Since the inequality is homogeneous, without loss of generality we may suppose $a+b+c=1$ and $x+y+z=1$. Then

$$(1-x)(1-y)(1-z)=1-x-y-z+xy+xz+yz-xyz=xy+xz+yz-xyz$$

Thus the left hand side of the inequality equals

$$\frac{1-a}{a(1-x)}+ \frac{1-b}{(1-y)}+ \frac{1-c}{c(1-z)}=$$ $$\frac{1}{a(1-x)}+ \frac{1}{b(1-y)}+ \frac{1}{c(1-z)}-\frac{1}{(1-x)}-\frac{1}{(1-y)}- \frac{1}{(1-z)}=$$ $$\frac{bc(1-y)(1-z)+ac(1-x)(1-z)+ab(1-x)(1-y)}{abc(1-x)(1-y)(1-z)}- \frac{(1-y)(1-z)+(1-x)(1-z)+(1-x)(1-y)}{(1-x)(1-y)(1-z)}=$$ $$\frac{bc(1-y-z+yz)+ac(1-x-z+xz)+ab(1-x-y+xy)}{abc(xy+xz+yz-xyz)}- \frac{(1-y-z+yz)+ (1-x-z+xz)+ (1-x-y+xy)}{xy+xz+yz-xyz }=$$ $$\frac{bc(x+yz)+ac(y+xz)+ab(z+xy)}{abc(xy+xz+yz-xyz)}- \frac{(x+yz)+ (y+xz)+ (z+xy)}{xy+xz+yz-xyz}=$$ $$\frac{bc(x+yz)+ac(y+xz)+ab(z+xy)}{abc(xy+xz+yz-xyz)}- \frac{1+ xy+yz+xz }{xy+xz+yz-xyz}=$$ $$\frac{\frac 1a(x+yz)+\frac 1b(y+xz)+\frac 1c(z+xy)-1-xy-yz-xz }{xy+xz+yz-xyz}.$$

So we have to show that

$$\left(\frac 1a(x+yz)+\frac 1b(y+xz)+\frac 1c(z+xy)-1-xy-yz-xz\right)(ax+by+cz)\ge 3(xy+xz+yz-xyz)$$

$$\left(\frac 1a(x+yz)+\frac 1b(y+xz)+\frac 1c(z+xy)\right)(ax+by+cz)\ge 3(xy+xz+yz-xyz)+(1+xy+yz+xz)(ax+by+cz)$$

$$x(x+yz)+ \frac bay(x+yz)+ \frac caz(x+yz)+ \frac abx(y+xz)+ y(y+xz)+ \frac cbz(y+xz)+ \frac acx(z+xy)+ \frac bcy(z+xy)+ z(z+xy)\ge $$ $$3(xy+xz+yz-xyz)+(ax+by+cz)+ax^2y+bxy^2+cxyz+axyz+by^2z+cyz^2+ax^2z+bxyz+cxz^2$$

$$x^2+\frac bay(x+yz)+ \frac caz(x+yz)+ \frac abx(y+xz)+ y^2+ \frac cbz(y+xz)+ \frac acx(z+xy)+ \frac bcy(z+xy)+ z^2+5xyz\ge $$ $$3(xy+xz+yz)+(ax+by+cz)+ax^2y+bxy^2+by^2z+cyz^2+ax^2z+cxz^2$$

or that (because $x^2+y^2+z^2+2xy+2xz+2yz=1$)

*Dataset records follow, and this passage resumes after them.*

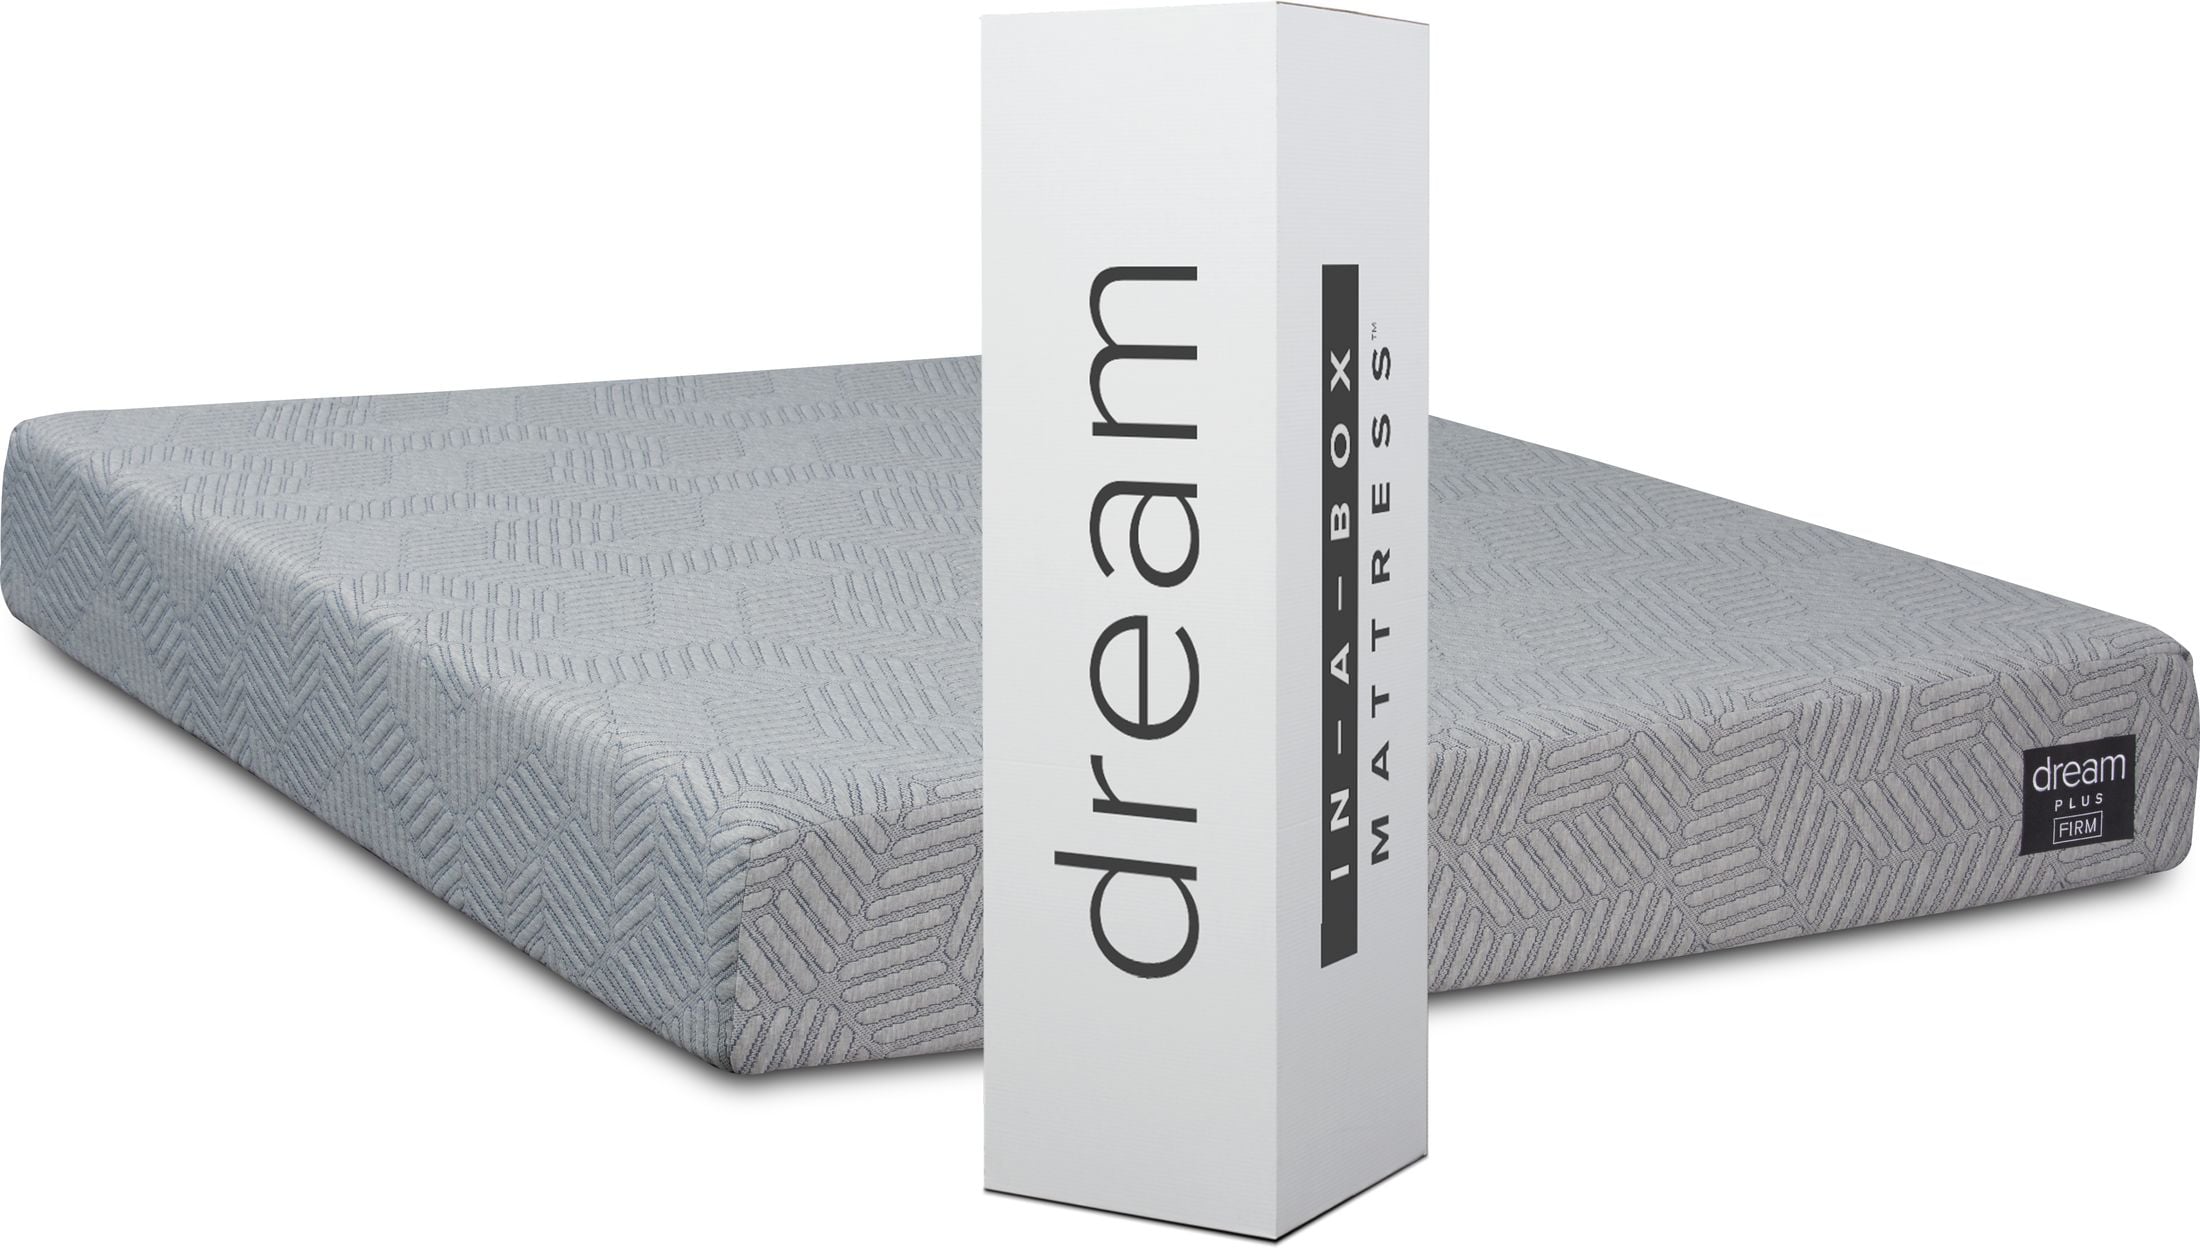 dream--in a box mattress
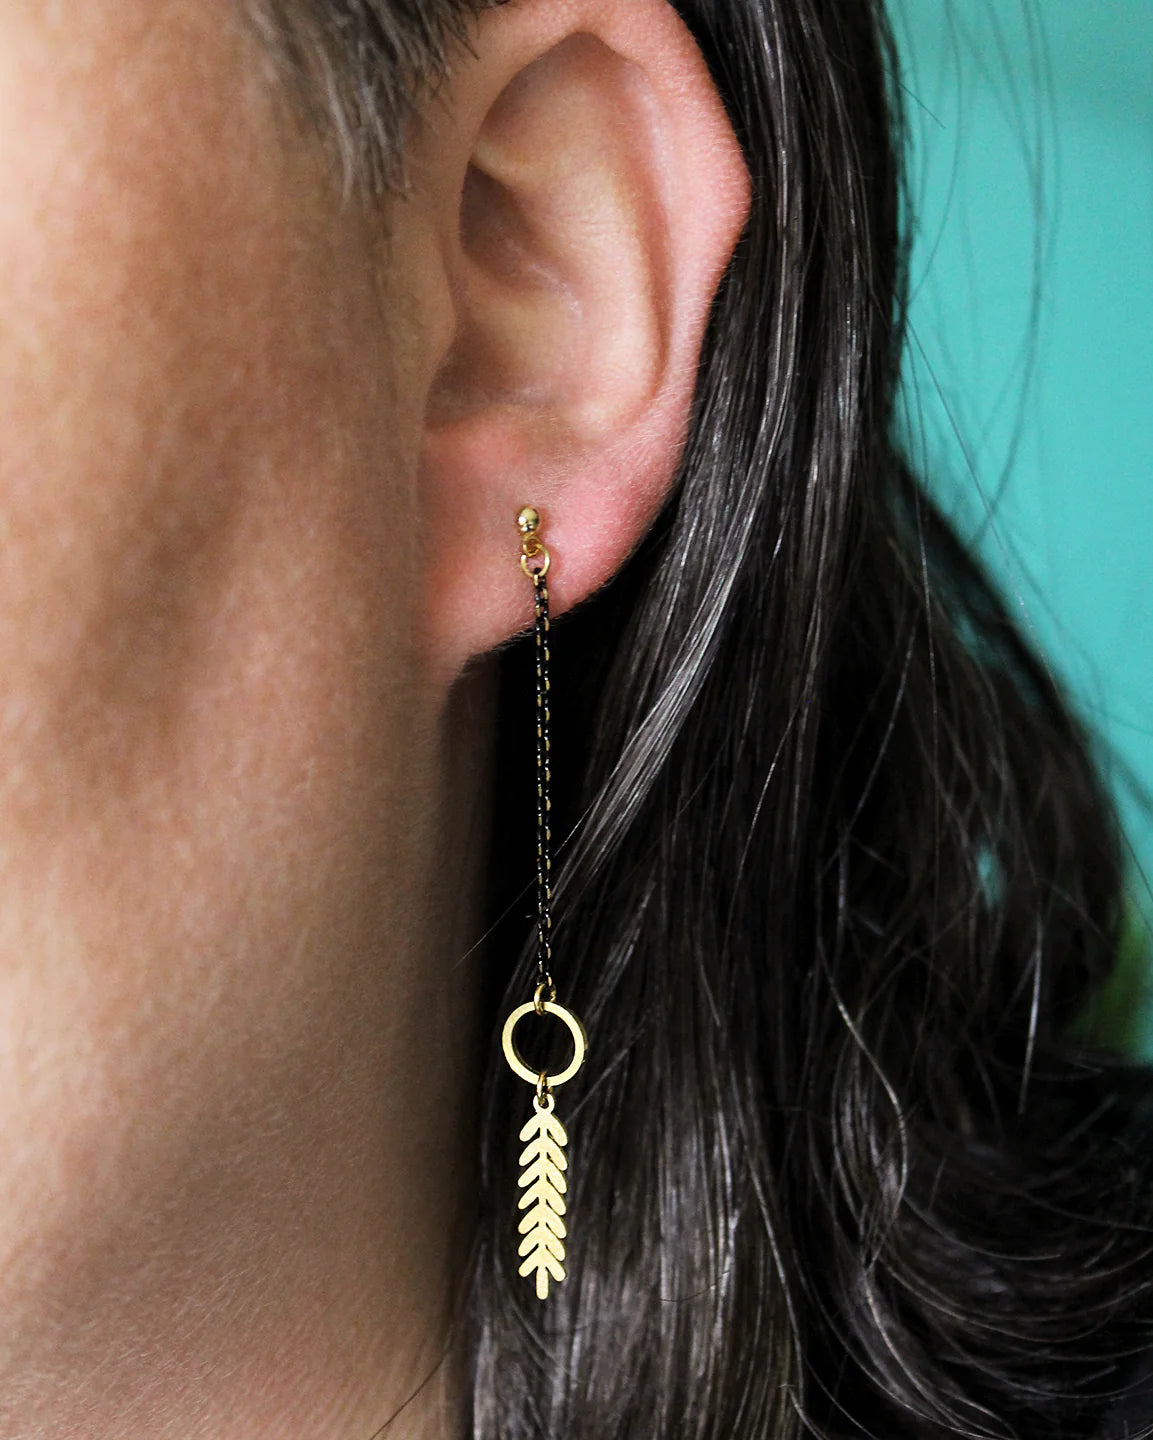 Twig earrings
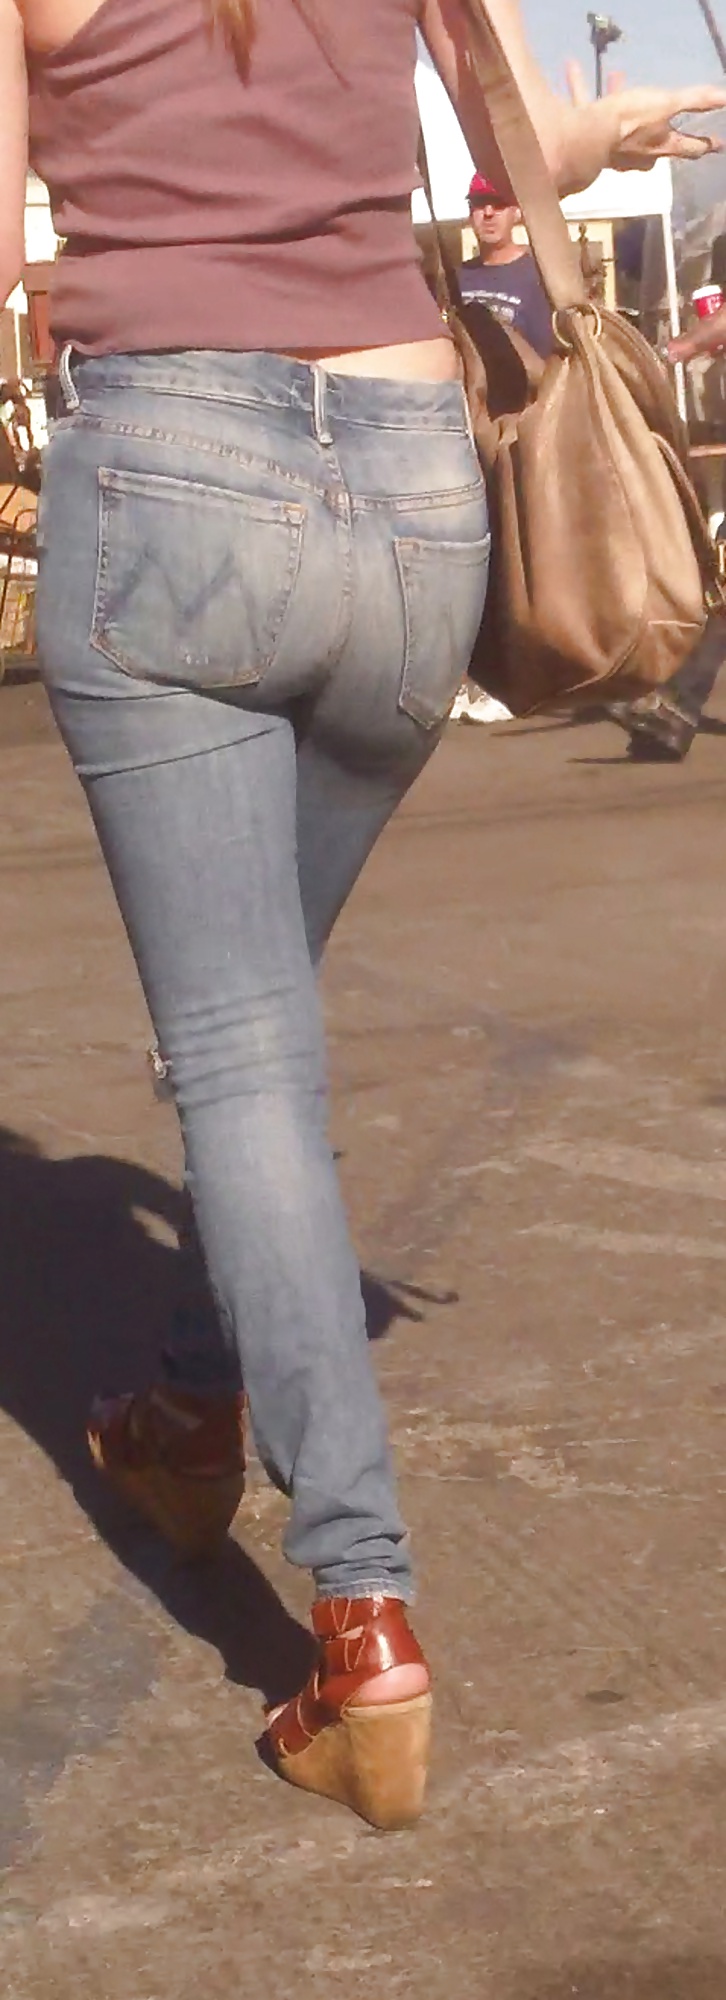 Popular teen girls ass & butt in jeans Part 6 #32009618
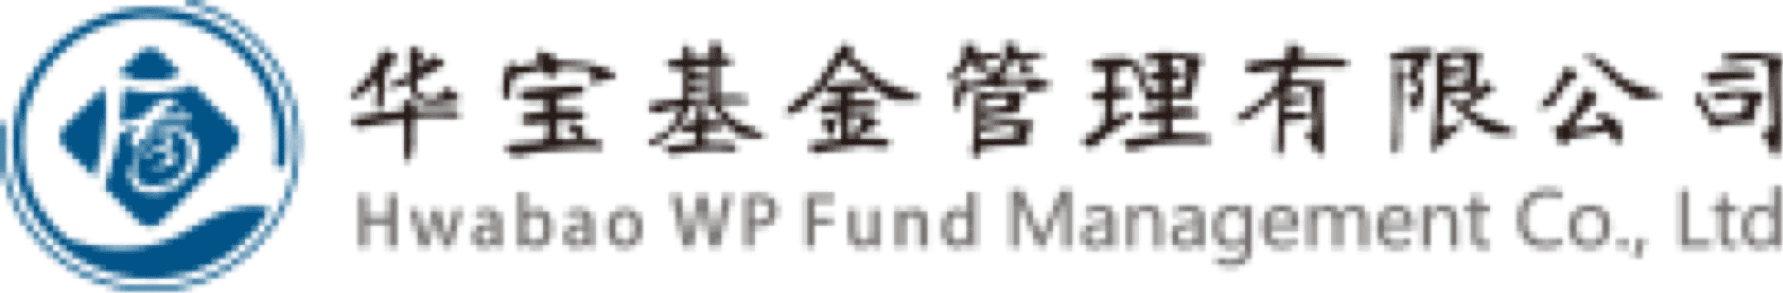 华宝基金·Hwabao WP Fund Management
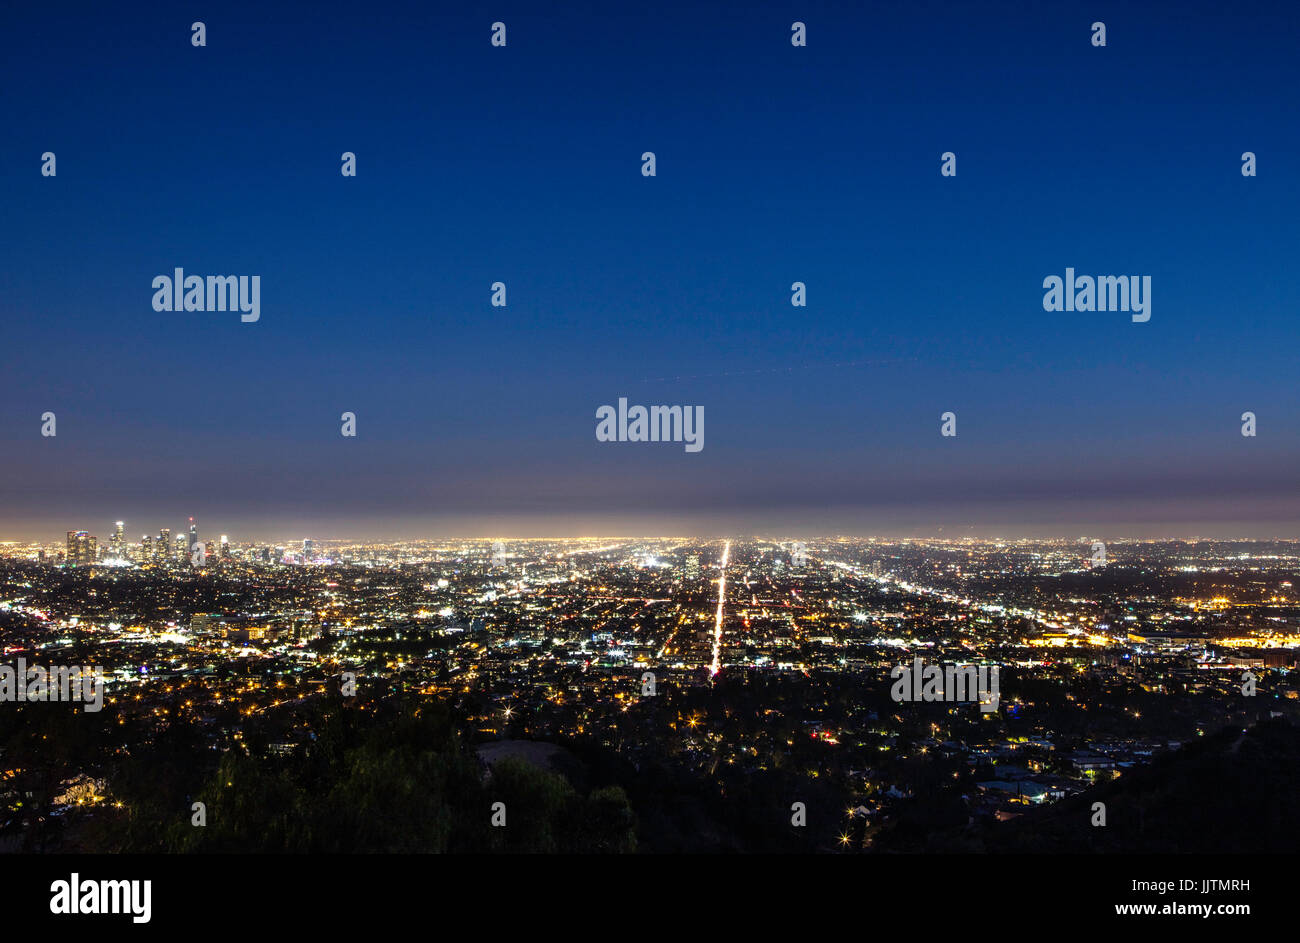 Vue nocturne de Los Angeles depuis l'observatoire de Griffith. Californie. ÉTATS-UNIS Banque D'Images

$$1+\frac bay(x+yz)+ \frac caz(x+yz)+ \frac abx(y+xz)+ \frac cbz(y+xz)+ \frac acx(z+xy)+ \frac bcy(z+xy)+ 5xyz\ge $$ $$5(xy+xz+yz)+(ax+by+cz)+ax^2y+bxy^2+by^2z+cyz^2+ax^2z+cxz^2$$

Finally, we have to show that $$1+\left(\frac ba+\frac ab-5\right)xy+ \left(\frac ca+\frac ac-5\right)xz+ \left(\frac cb+\frac bc-5\right)yz+ \left(\frac ac-a\right)x^2y+\left (\frac bc-b\right)xy^2+ \left (\frac ab-a\right)x^2z+\left (\frac cb-c\right) xz^2+ \left (\frac ba-b\right)y^2z+\left(\frac ca-c\right)yz^2 - (ax+by+cz) + 5xyz \ge 0$$